==== AVAILABLE DATA

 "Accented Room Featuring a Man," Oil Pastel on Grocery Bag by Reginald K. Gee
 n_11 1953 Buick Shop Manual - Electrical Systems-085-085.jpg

========
==== AVAILABLE DATA

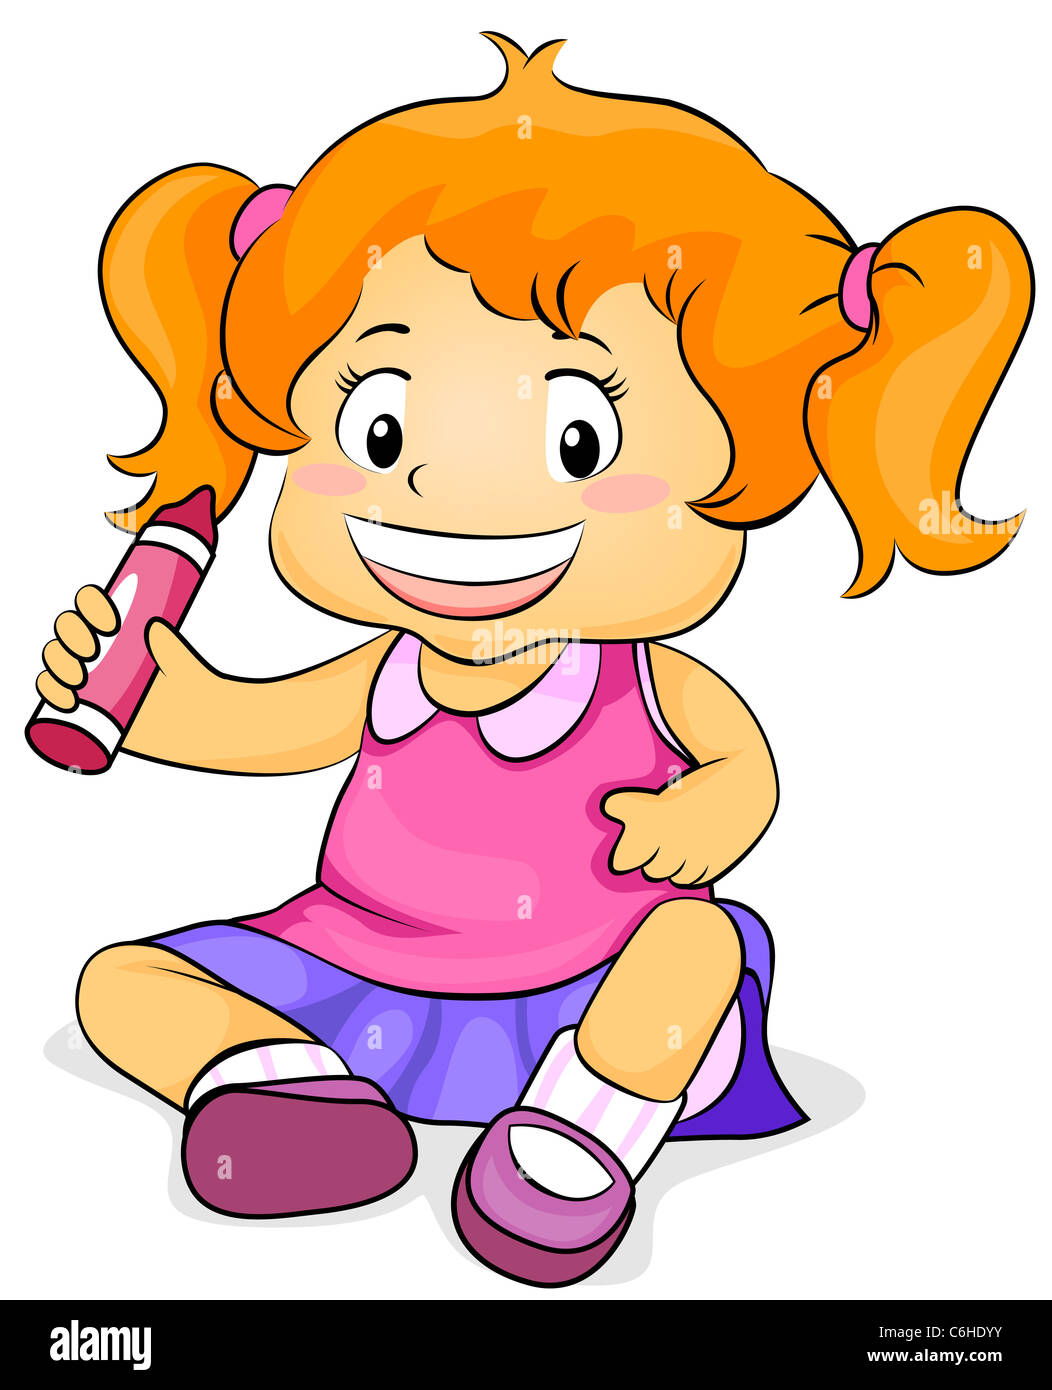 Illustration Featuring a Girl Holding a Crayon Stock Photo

========
==== AVAILABLE DATA

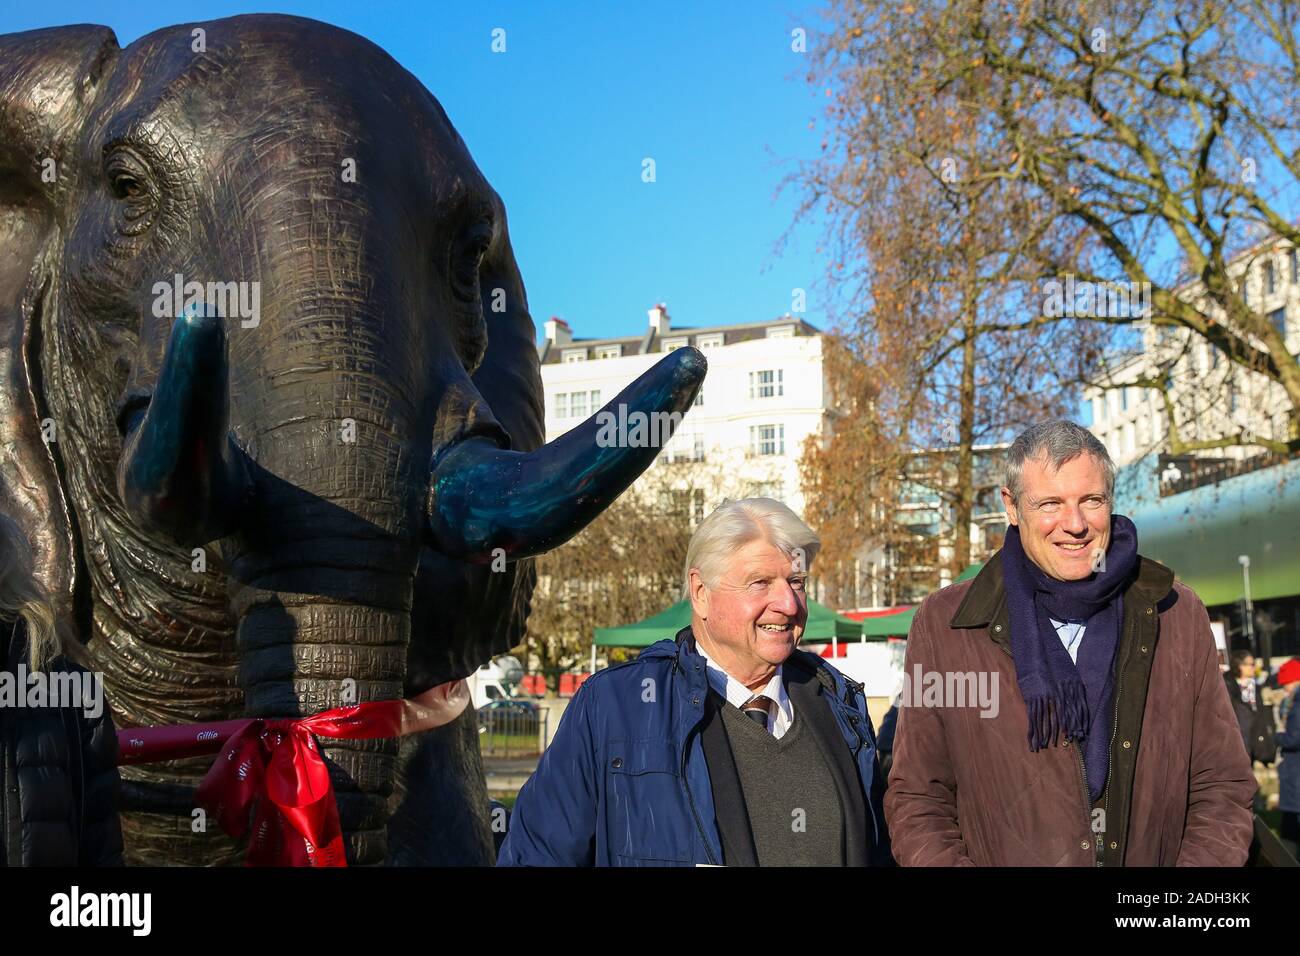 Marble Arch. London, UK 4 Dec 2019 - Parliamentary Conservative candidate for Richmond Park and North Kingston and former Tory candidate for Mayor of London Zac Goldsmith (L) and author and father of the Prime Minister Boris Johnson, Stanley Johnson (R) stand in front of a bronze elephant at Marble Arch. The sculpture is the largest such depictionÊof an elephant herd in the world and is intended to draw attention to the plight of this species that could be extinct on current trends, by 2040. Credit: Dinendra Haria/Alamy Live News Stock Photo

========

▶ _DIRECTIONS_
Return only the part of the records above that opens with the line containing "Reginald K. Gee" and closes with the line containing "n_11 1953 Buick", ends included.

▶ _RESULT FOR THIS EXERCISE_
 "Accented Room Featuring a Man," Oil Pastel on Grocery Bag by Reginald K. Gee
 n_11 1953 Buick Shop Manual - Electrical Systems-085-085.jpg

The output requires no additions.